Cris dans la bruine
de Yu Hua

critiqué par Dirlandaise, le 2 juin 2008
(Québec - 69 ans)


La note:  étoiles
Enfance à Nanmen
Un jeune garçon devenu adulte raconte ses souvenirs d'enfance et d'adolescence au sein d'une famille marquée par le comportement violent et fantasque du père. Difficile de résumer ce récit car ce sont des bribes de souvenirs, des petits bouts de vie narrés sans tenir compte de la chronologie. L'écriture de Yu Hua est toujours aussi lumineuse et agréable à lire et ses talents de conteur m'ont encore une fois séduite. Les thèmes de la famille et des relations entre ses membres, de l'amitié et de l'amour naissant forment la trame de cette chronique pour le moins mouvementée. Tout est raconté à travers les yeux d'un enfant qui observe son environnement d'un regard critique et qui découvre la dureté de la vie et surtout la lacheté, la cruauté et la brutalité de l'être humain envers ses semblables.

La famille du narrateur se compose du père, de la mère et de trois fils.
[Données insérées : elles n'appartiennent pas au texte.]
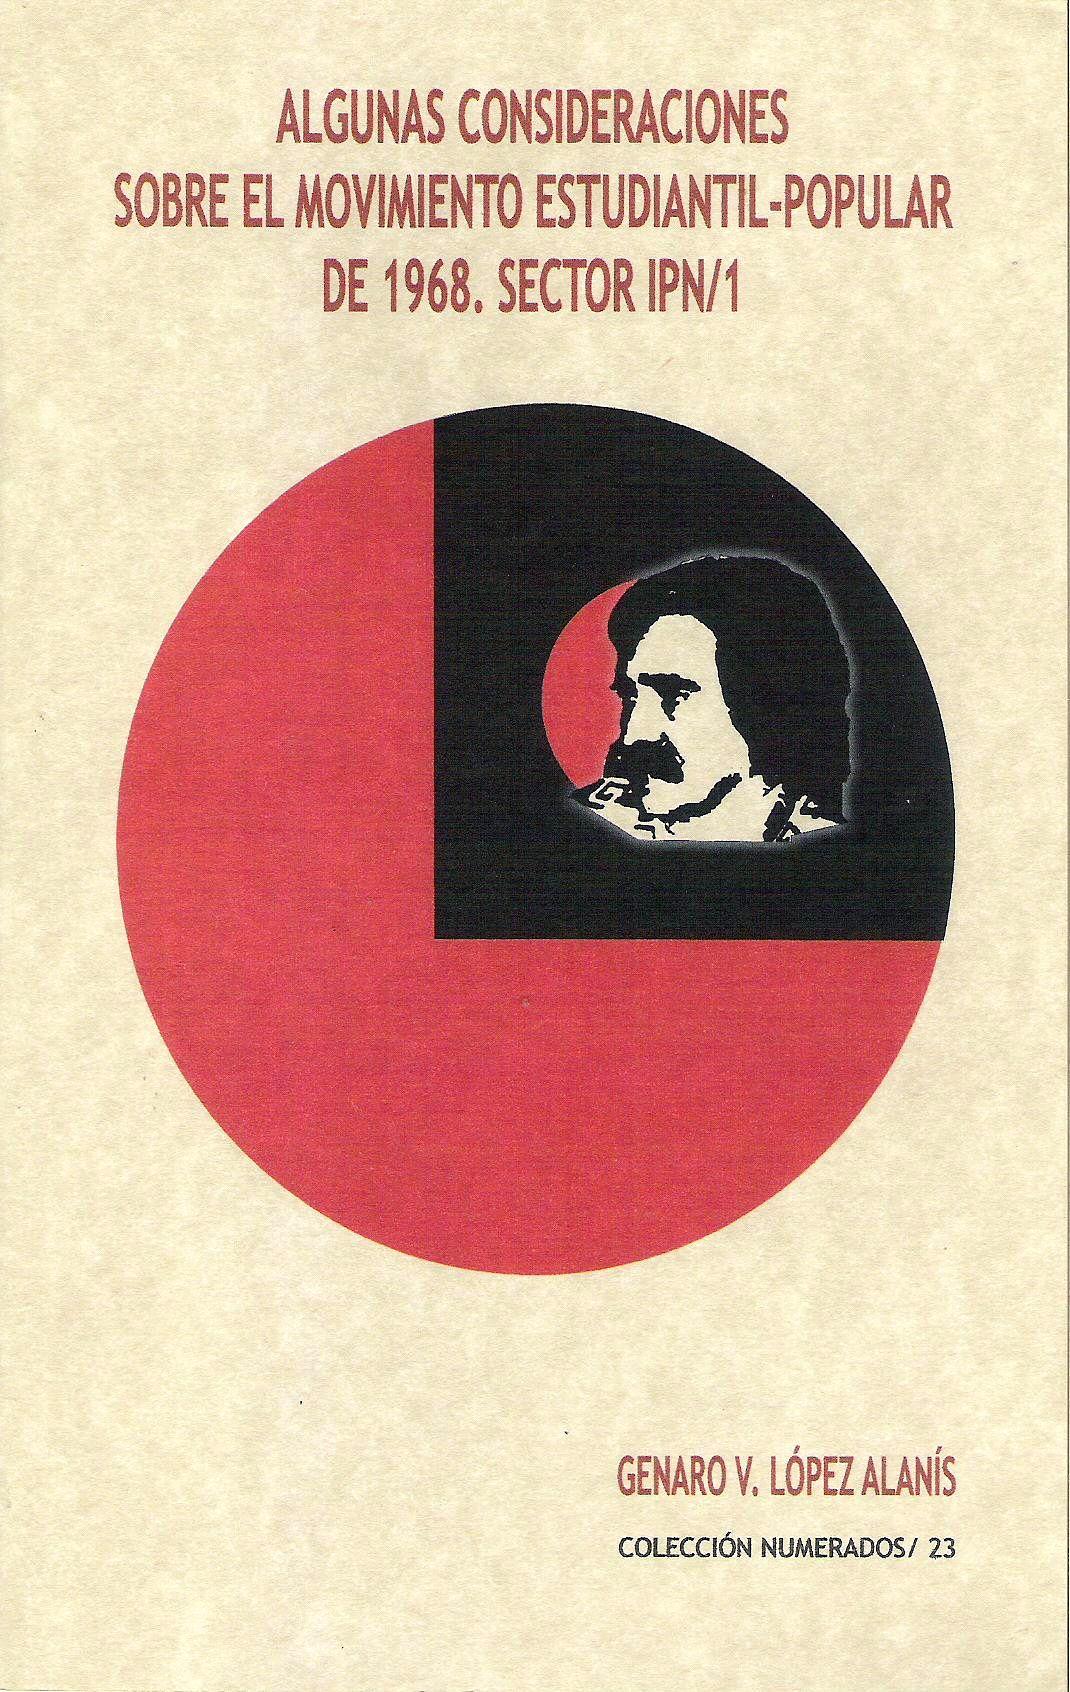 Algunas consideraciones sobre el movimiento estudiantil-popular de 1968, sector IPN-1

Le père a un caractère instable et parfois, il se laisse aller à la violence physique envers son fils et aussi envers son propre père devenu un vieillard incapable de travailler donc considéré comme un parasite. Certains passages sont très durs. Notre jeune garçon doit supporter ce père qui boit et trompe sa femme avec la prostituée du quartier. À l'âge de six ans, il est vendu à un couple sans enfants dont la femme est obsédée par le peur de l'humidité et qui frôle la maladie mentale. Il restera six ans avec eux avant de devoir réintégrer sa vraie famille. Il se fera deux amis à l'école primaire qui finiront par le trahir honteusement.

C'est la vie ordinaire qui est racontée avec ses petits drames, ses mesquineries, ses moments de court bonheur, ses angoisses, ses trahisons. La fin comporte un évènement spectaculaire qui viendra influer sur le destin de cet enfant extrêmement sensible et attachant, considéré comme pas grand chose par son père et qui souffre cruellement du manque d'amour et de chaleur humaine.

Un très beau récit déployé d'une façon simple et harmonieuse par l'écriture talentueuse de Yu Hua.

"À cet instant, je vis distinctement son visage qui avait subi les ravages du temps et dont les rides apparaissaient nettement. Quand elle posa sur moi son regard qui avait perdu sa fougue juvénile, ce fut comme si une poussière sombre flottait vers moi. Elle se détourna et marcha vers le puits, exposant sans pitié à ma vue ses fesses tombantes et sa taille épaisse. Ce fut à ce moment que je m'éloignai. Le chagrin qui me submergeait n'était pas dû à ma disparition de la mémoire de Feng Yuqing, mais plutôt au fait que pour la première fois, j'assistais de mes propres yeux au cruel flétrissement de la beauté."